§ Stored data

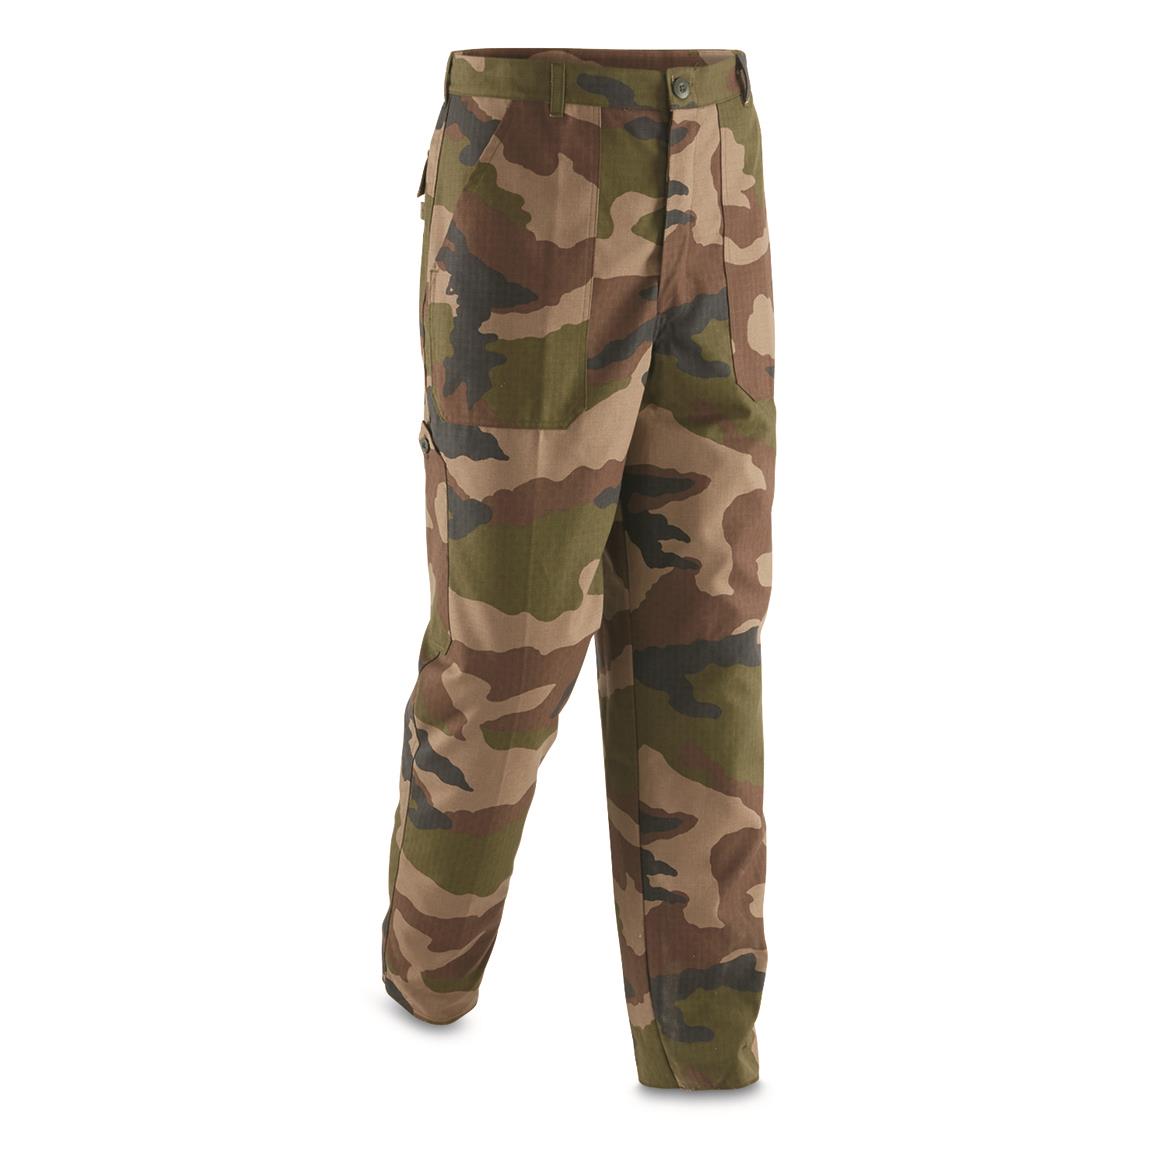 Original British Army Desert Camo Windproof Trousers Pants NEW Size 36-39 waist 
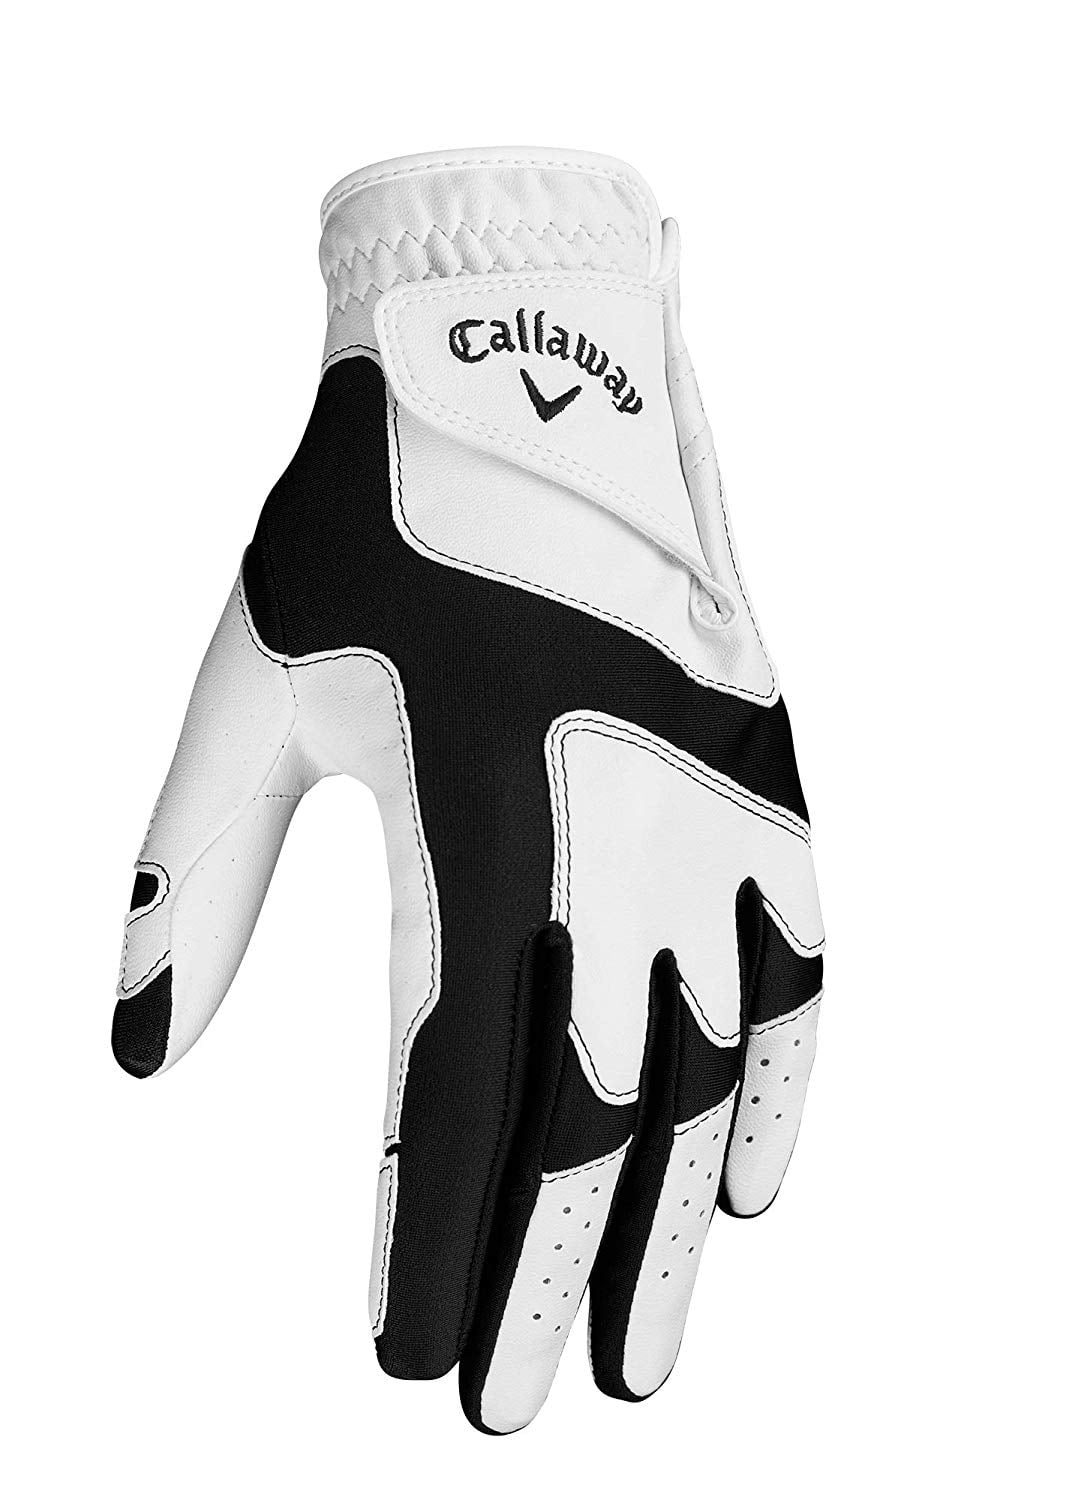 Callaway Opti Fit Golf Glove (LADIES, LEFT, WHITE) UNIVERSAL FIT Golf ...
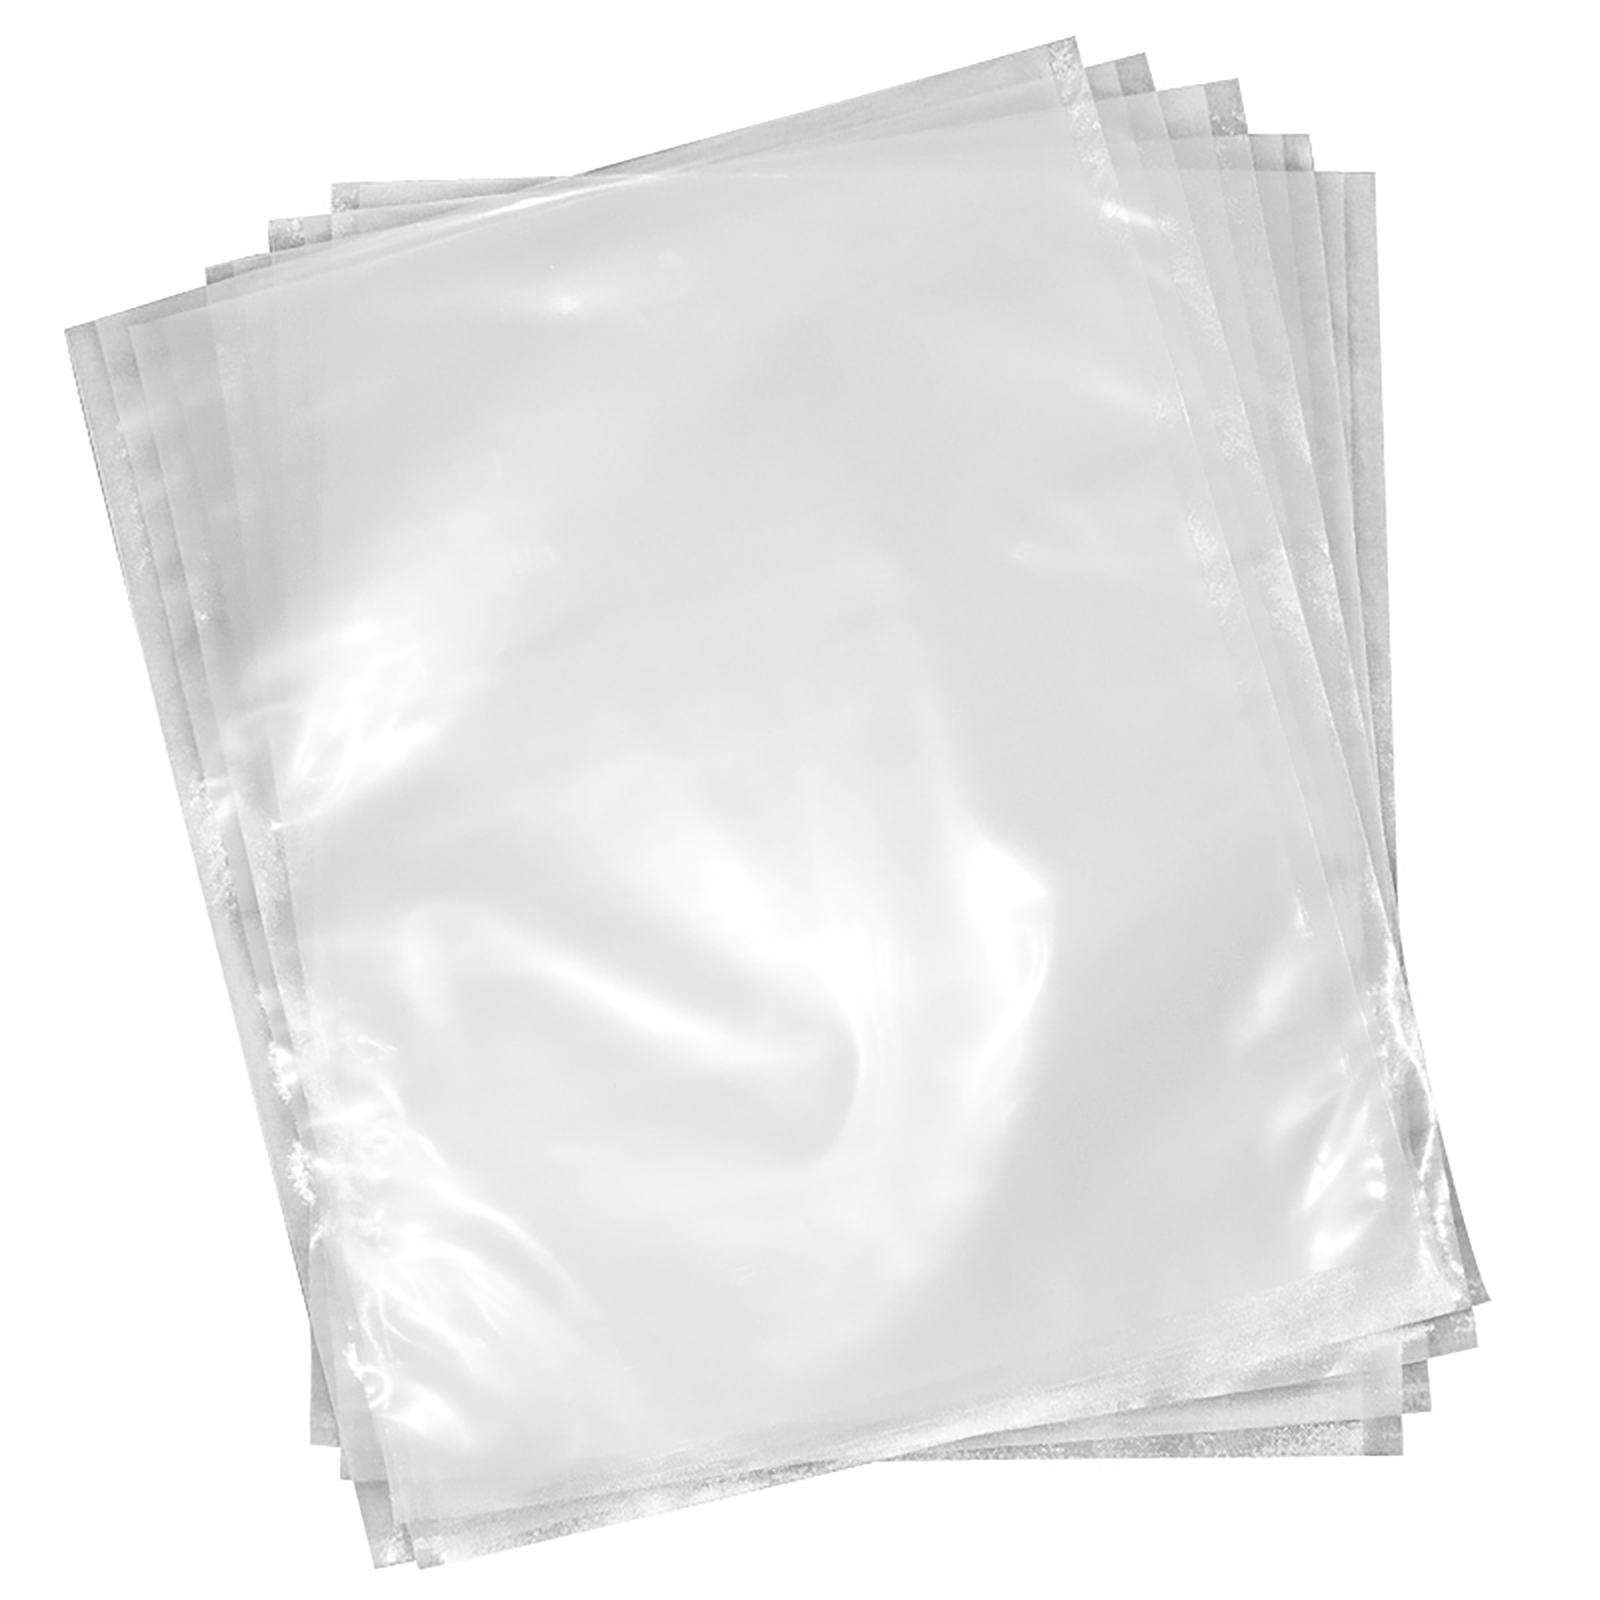 Pint Size 6x10 Small Vacuum Seal Bags - 1,000 Bag Bulk Case
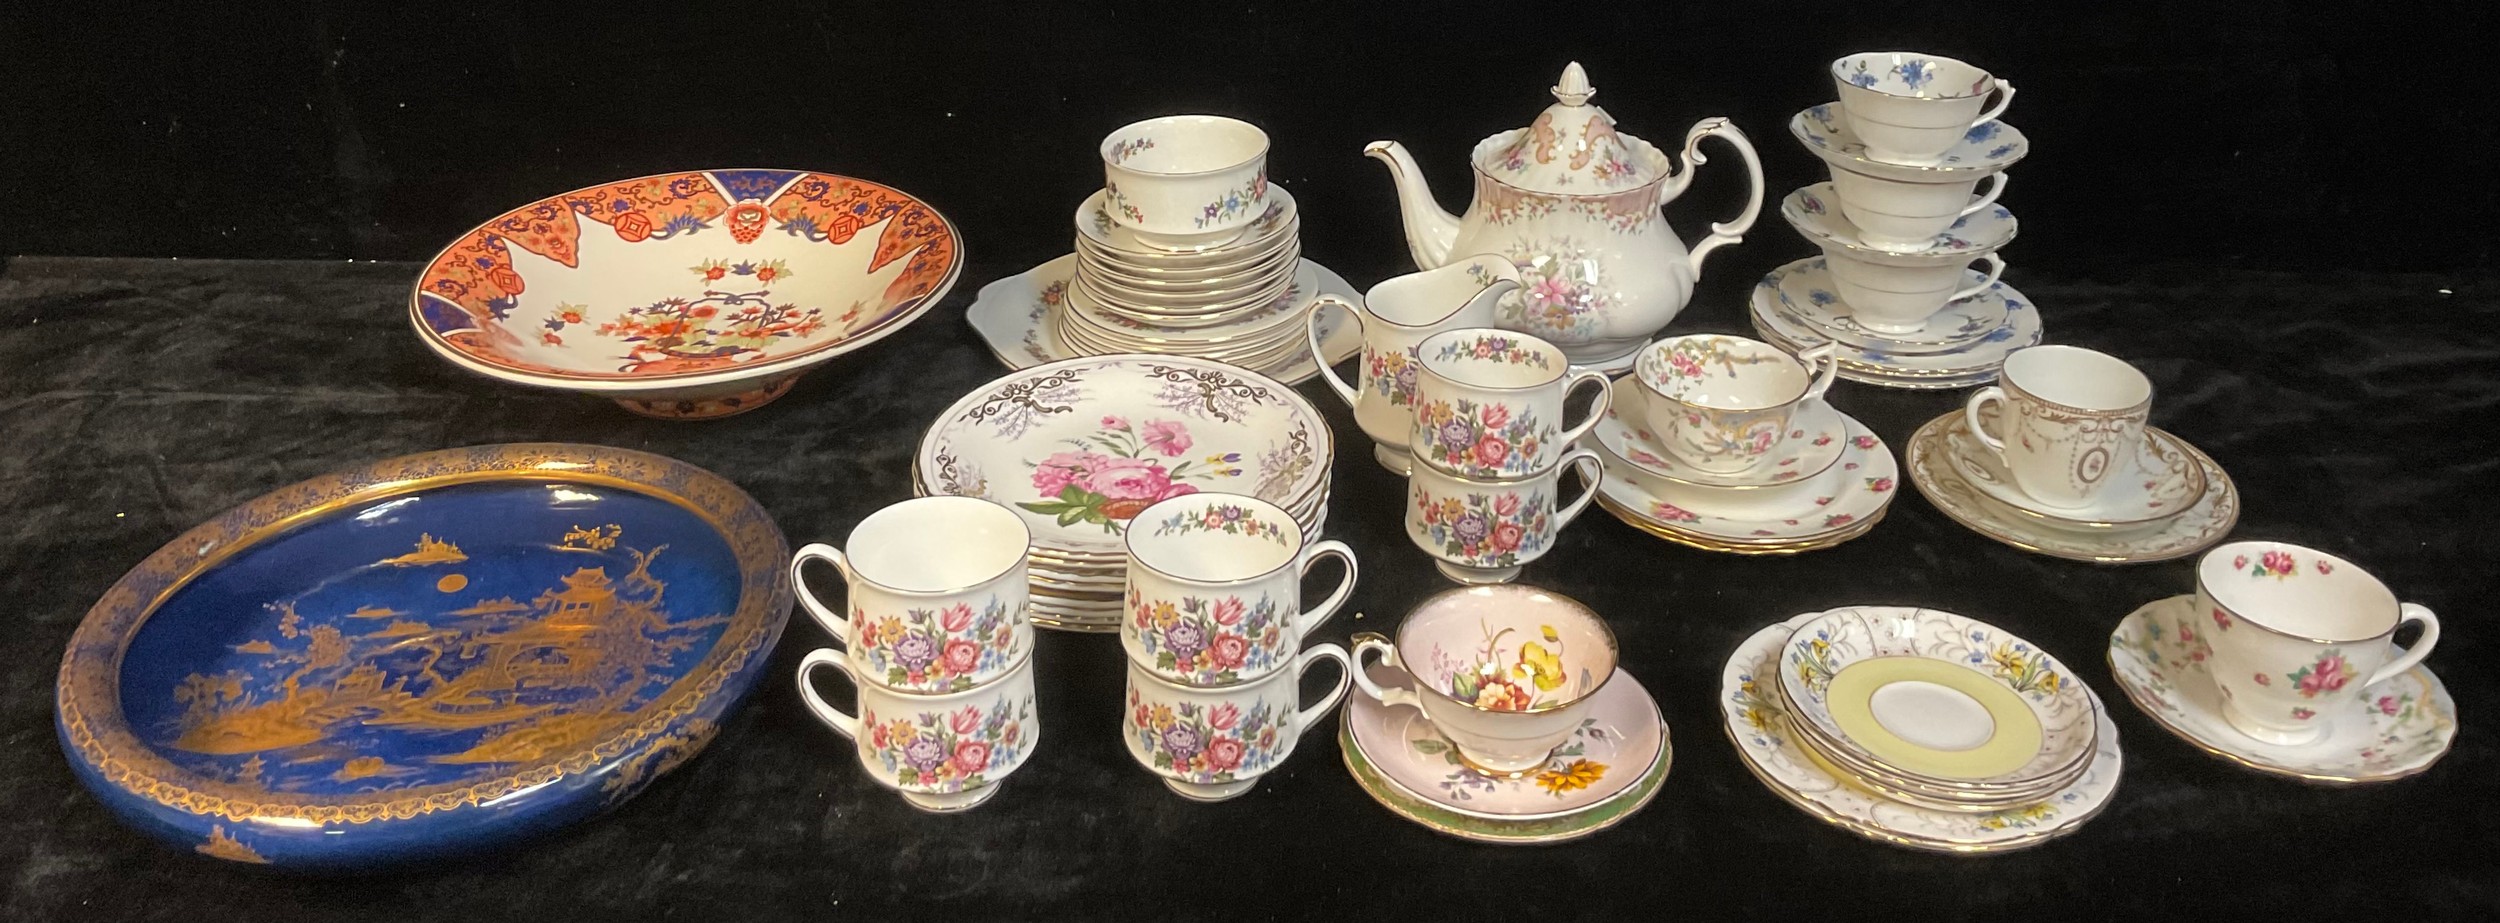 A Paragon Lavinia pattern tea service for six; a Royal Albert Serenity pattern teapot; a Shelley

§ Task directions
Replicate the material above verbatim; images stay out of the copy.

§ Written solution
 Original British Army Desert Camo Windproof Trousers Pants NEW Size 36-39 waist 
 Callaway Opti Fit Golf Glove (LADIES, LEFT, WHITE) UNIVERSAL FIT Golf ...
 Pint Size 6x10 Small Vacuum Seal Bags - 1,000 Bag Bulk Case
 A Paragon Lavinia pattern tea service for six; a Royal Albert Serenity pattern teapot; a Shelley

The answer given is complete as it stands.